◆ TASK INSTRUCTIONS ◆
Repeat the entries below exactly. Begin with the first line and end with the line that contains "MODELLBAU LINDINGER MODEL".

[Source records]
══════════════════════════════

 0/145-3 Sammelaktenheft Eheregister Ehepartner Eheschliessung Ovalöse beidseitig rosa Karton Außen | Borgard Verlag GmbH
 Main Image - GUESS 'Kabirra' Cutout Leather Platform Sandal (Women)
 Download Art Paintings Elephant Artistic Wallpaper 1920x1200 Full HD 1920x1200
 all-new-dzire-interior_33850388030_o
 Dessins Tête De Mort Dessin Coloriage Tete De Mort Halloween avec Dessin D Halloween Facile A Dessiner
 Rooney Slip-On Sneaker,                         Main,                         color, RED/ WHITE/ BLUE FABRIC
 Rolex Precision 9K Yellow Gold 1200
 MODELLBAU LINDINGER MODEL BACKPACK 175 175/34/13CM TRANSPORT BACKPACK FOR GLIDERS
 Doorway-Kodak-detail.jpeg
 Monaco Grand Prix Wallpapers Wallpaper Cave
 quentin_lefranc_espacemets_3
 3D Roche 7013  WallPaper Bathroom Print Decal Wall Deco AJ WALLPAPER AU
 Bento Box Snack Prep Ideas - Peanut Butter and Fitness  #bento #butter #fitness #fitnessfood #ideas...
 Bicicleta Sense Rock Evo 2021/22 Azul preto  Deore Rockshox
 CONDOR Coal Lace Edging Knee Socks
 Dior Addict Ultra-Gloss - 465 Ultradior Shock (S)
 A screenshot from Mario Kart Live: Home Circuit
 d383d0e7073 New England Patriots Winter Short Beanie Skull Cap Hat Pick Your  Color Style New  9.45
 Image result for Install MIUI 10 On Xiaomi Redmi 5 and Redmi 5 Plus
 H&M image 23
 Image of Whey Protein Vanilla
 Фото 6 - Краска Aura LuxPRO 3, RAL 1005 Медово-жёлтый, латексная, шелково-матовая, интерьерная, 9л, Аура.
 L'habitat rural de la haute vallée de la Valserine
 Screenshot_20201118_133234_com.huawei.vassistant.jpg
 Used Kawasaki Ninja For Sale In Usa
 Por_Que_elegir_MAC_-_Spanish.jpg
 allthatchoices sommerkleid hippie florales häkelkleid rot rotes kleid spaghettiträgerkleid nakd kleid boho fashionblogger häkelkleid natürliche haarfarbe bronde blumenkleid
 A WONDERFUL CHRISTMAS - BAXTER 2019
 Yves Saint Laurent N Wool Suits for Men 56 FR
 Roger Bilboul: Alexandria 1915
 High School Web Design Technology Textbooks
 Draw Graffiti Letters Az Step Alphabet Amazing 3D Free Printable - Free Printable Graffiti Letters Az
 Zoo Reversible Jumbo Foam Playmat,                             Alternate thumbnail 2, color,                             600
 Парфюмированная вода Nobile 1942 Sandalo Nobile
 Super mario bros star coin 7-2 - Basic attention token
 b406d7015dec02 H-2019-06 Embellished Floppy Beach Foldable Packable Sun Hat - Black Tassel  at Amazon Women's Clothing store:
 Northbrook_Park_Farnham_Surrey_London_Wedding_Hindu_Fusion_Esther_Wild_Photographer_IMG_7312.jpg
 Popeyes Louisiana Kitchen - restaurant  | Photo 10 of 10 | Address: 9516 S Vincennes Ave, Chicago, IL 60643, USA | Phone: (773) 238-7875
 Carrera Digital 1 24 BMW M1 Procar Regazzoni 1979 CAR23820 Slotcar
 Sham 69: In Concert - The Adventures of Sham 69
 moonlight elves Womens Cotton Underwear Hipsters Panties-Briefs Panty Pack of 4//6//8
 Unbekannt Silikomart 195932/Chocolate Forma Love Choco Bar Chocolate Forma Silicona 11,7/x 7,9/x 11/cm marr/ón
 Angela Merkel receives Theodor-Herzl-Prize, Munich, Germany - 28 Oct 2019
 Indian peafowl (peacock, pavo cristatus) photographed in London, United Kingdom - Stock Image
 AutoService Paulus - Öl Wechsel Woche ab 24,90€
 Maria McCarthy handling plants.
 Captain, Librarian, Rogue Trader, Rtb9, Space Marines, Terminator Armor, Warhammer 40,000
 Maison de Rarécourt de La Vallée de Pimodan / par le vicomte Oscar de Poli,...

══════════════════════════════

◆ RESPONSE BOX ◆
 0/145-3 Sammelaktenheft Eheregister Ehepartner Eheschliessung Ovalöse beidseitig rosa Karton Außen | Borgard Verlag GmbH
 Main Image - GUESS 'Kabirra' Cutout Leather Platform Sandal (Women)
 Download Art Paintings Elephant Artistic Wallpaper 1920x1200 Full HD 1920x1200
 all-new-dzire-interior_33850388030_o
 Dessins Tête De Mort Dessin Coloriage Tete De Mort Halloween avec Dessin D Halloween Facile A Dessiner
 Rooney Slip-On Sneaker,                         Main,                         color, RED/ WHITE/ BLUE FABRIC
 Rolex Precision 9K Yellow Gold 1200
 MODELLBAU LINDINGER MODEL BACKPACK 175 175/34/13CM TRANSPORT BACKPACK FOR GLIDERS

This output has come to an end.